Singapore: Tightening Rules for Software Devices
Singapore’s Health Sciences Authority (HSA) takes a very precise approach. At the end of 2021, it clarified its requirements on software that is classified as a medical device. The smallest change – whether that is changing an algorithm, the operating system, or adding a new feature – must be reported. Developers must notify the regulator within 6 months and keep records of all changes to their software.
The message is clear: digital health products evolve constantly, but patient safety cannot be compromised by an unchecked software patch. By insisting on oversight of incremental updates, Singapore is building a regulatory model that other markets may look to as software becomes central to healthcare.
Hong Kong: Catching Up After the Pandemic
Since the pandemic, Hong Kong has expedited digital health initiatives that had long been talked about but never widely adopted. Since 2021, hospitals and clinics have initiated telehealth consultations, developed mobile apps for appointments, established digital record systems, and used navigation and location services to smooth patient flow.
These moves are significant, but Hong Kong still trails neighbors like Singapore in terms of depth and coordination. Much of the progress remains fragmented across providers. Turning pandemic-era improvisations into durable, system-wide frameworks will be the city’s next challenge.
Korea: Leading on Fast-Track Innovation
Korea’s approach to digital health can be characterized by its speed of adoption. In November 2024, regulators unveiled the “Immediate Market Entry Medical Technology System.” For eligible products such as AI-driven diagnostics, digital therapeutics, and medical robots, the approval timeline has been cut from well over a year to as little as 80 days.
What makes this reform stand out is its dual-track design. As soon as clinical evaluation begins, the reimbursement review by the Health Insurance Review and Assessment Agency runs in parallel. This means manufacturers no longer have to wait a long time for regulatory approval to receive Korean medical device reimbursement.

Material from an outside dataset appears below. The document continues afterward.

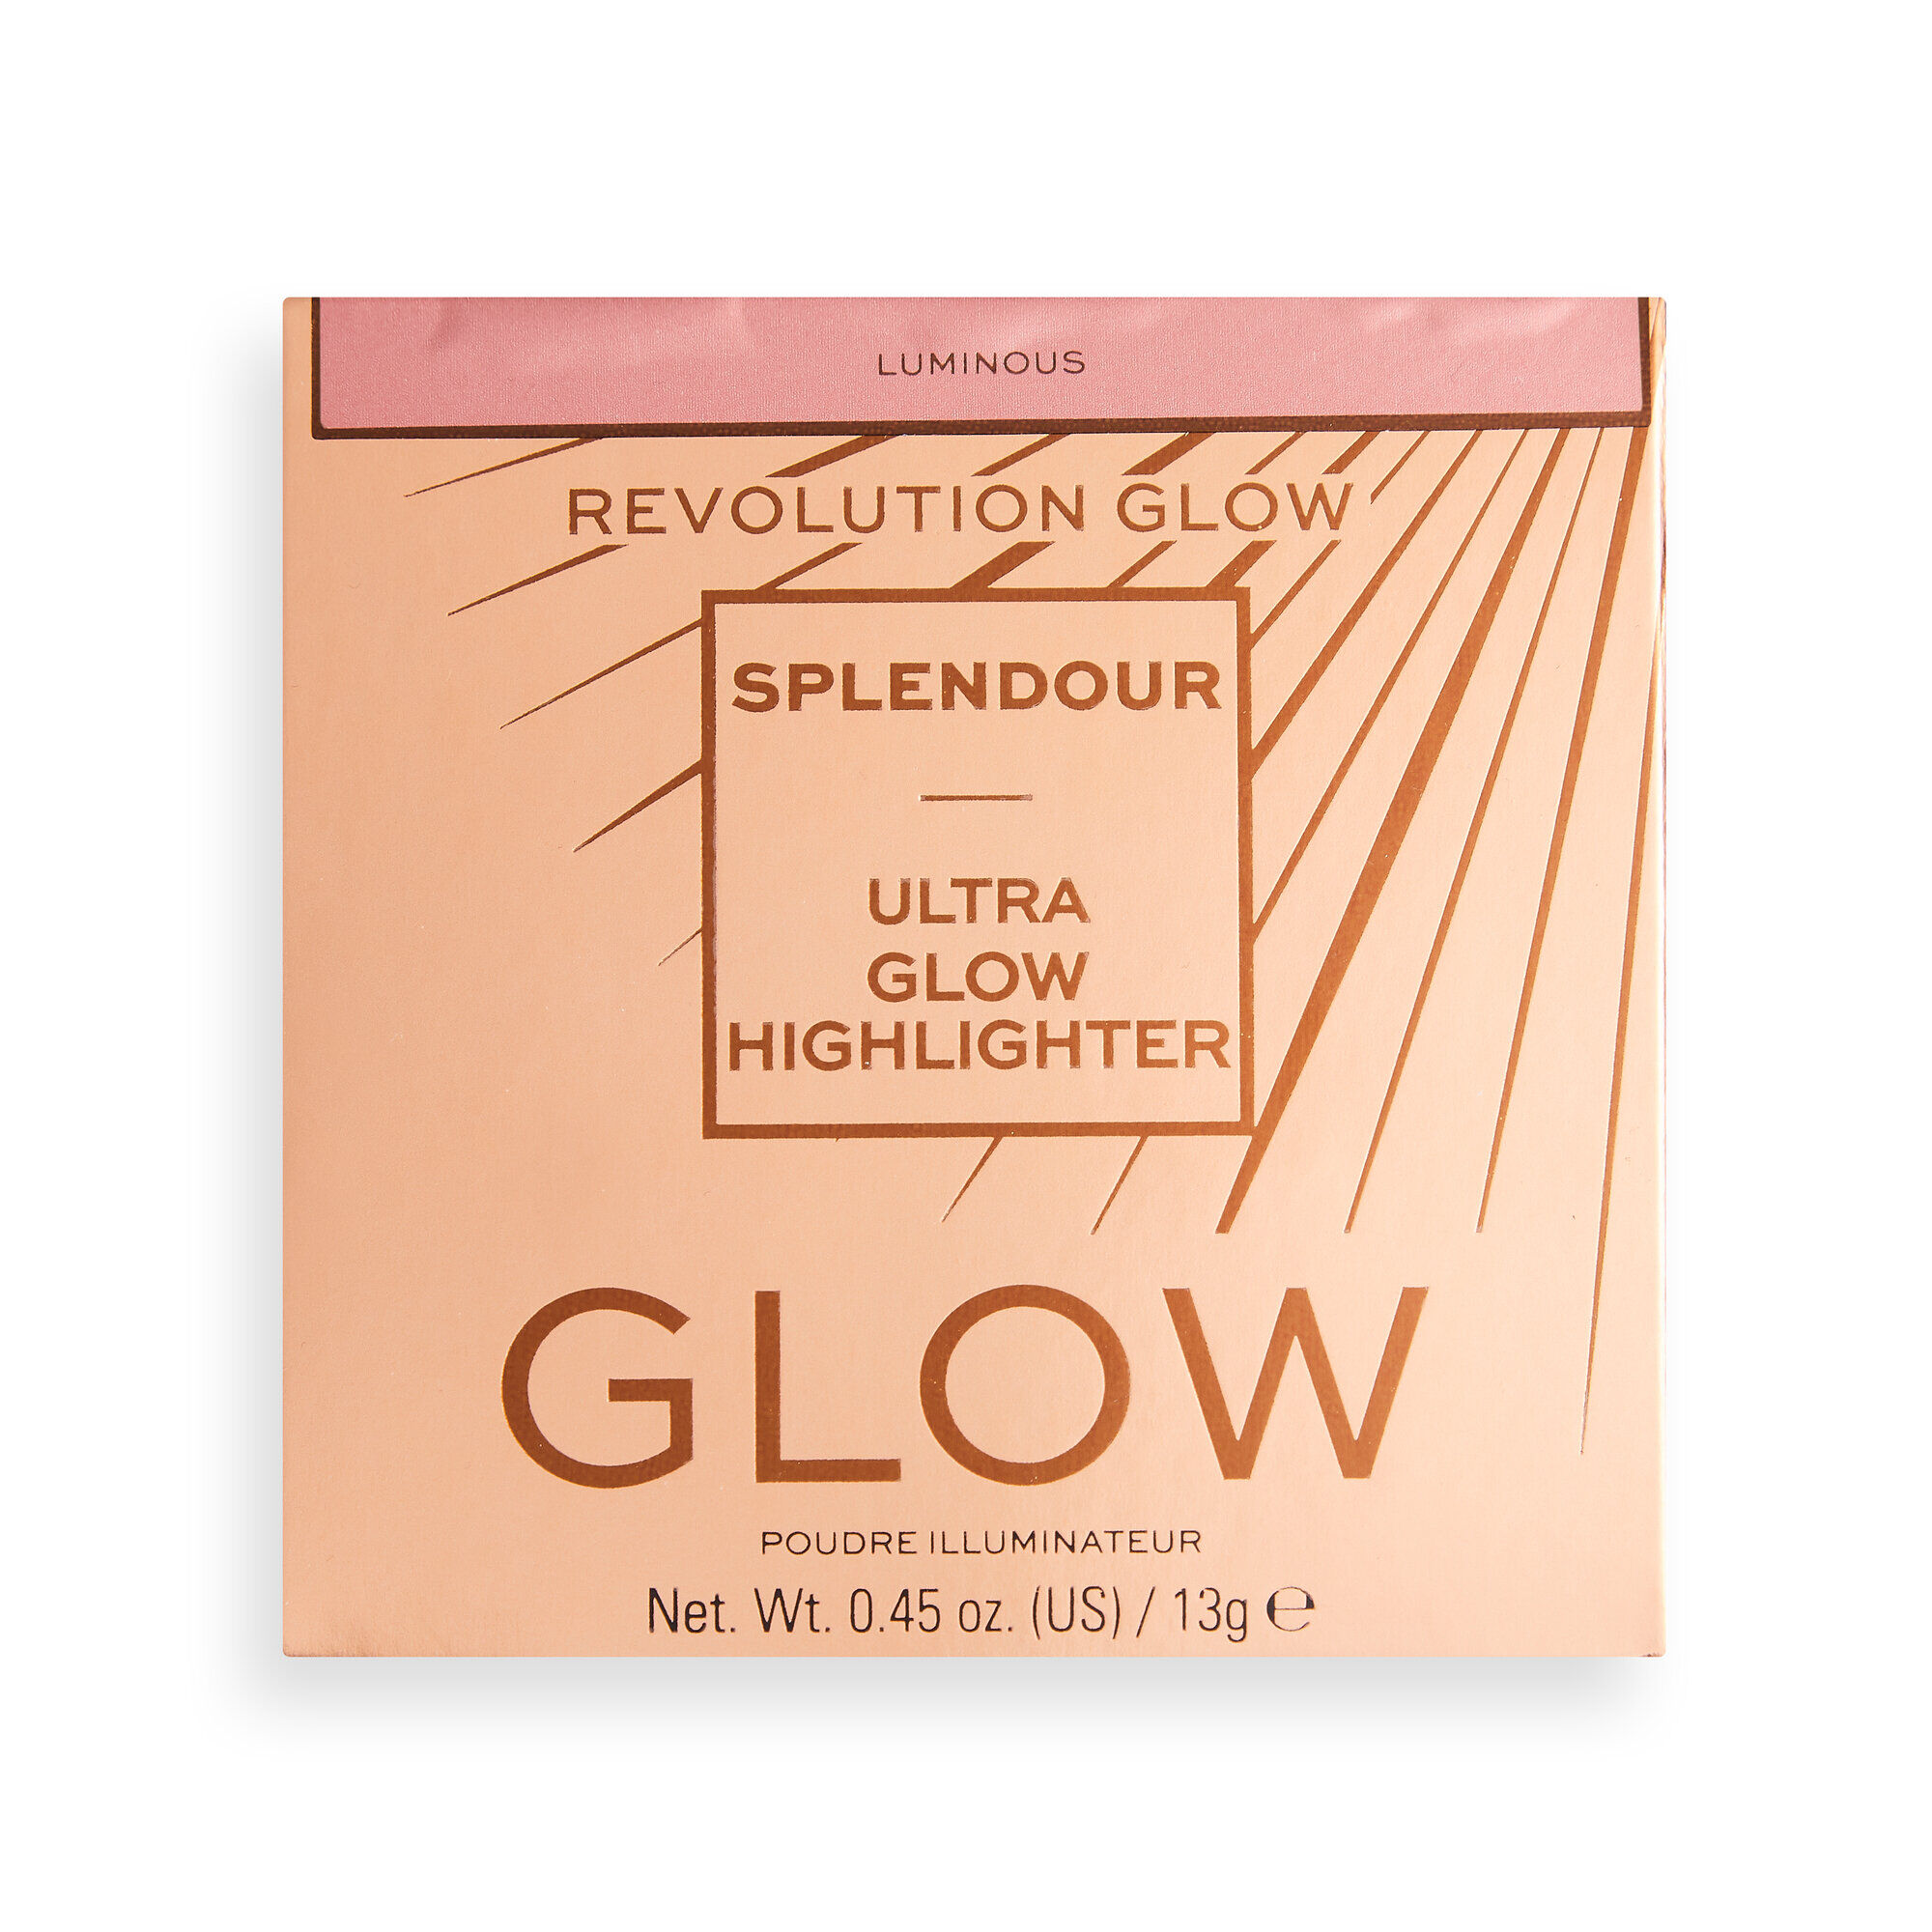 Makeup Revolution Glow Splendour Highlighter Luminous | Revolution Beauty

There are safeguards – some products with new technologies will have 3 years of post-market surveillance. Products that are proven to perform well during this period can receive better reimbursement. The Ministry of Health and Welfare has even established the Digital Health Promotion Agency to coordinate the national strategy, manage R&D, and integrate emerging technologies within the healthcare provision system.
Looking Across the Region
Despite their differences, all these Asian countries are wrestling with similar questions: How should regulators handle the constant updates that define digital tools? How can systems reward innovation while protecting patients and keeping care affordable? And how can public trust be maintained when technologies advance faster than the rules? Asia’s answers to these questions will not just shape local markets. Given the region’s size and diversity, policies in Asia are likely to influence global standards as well.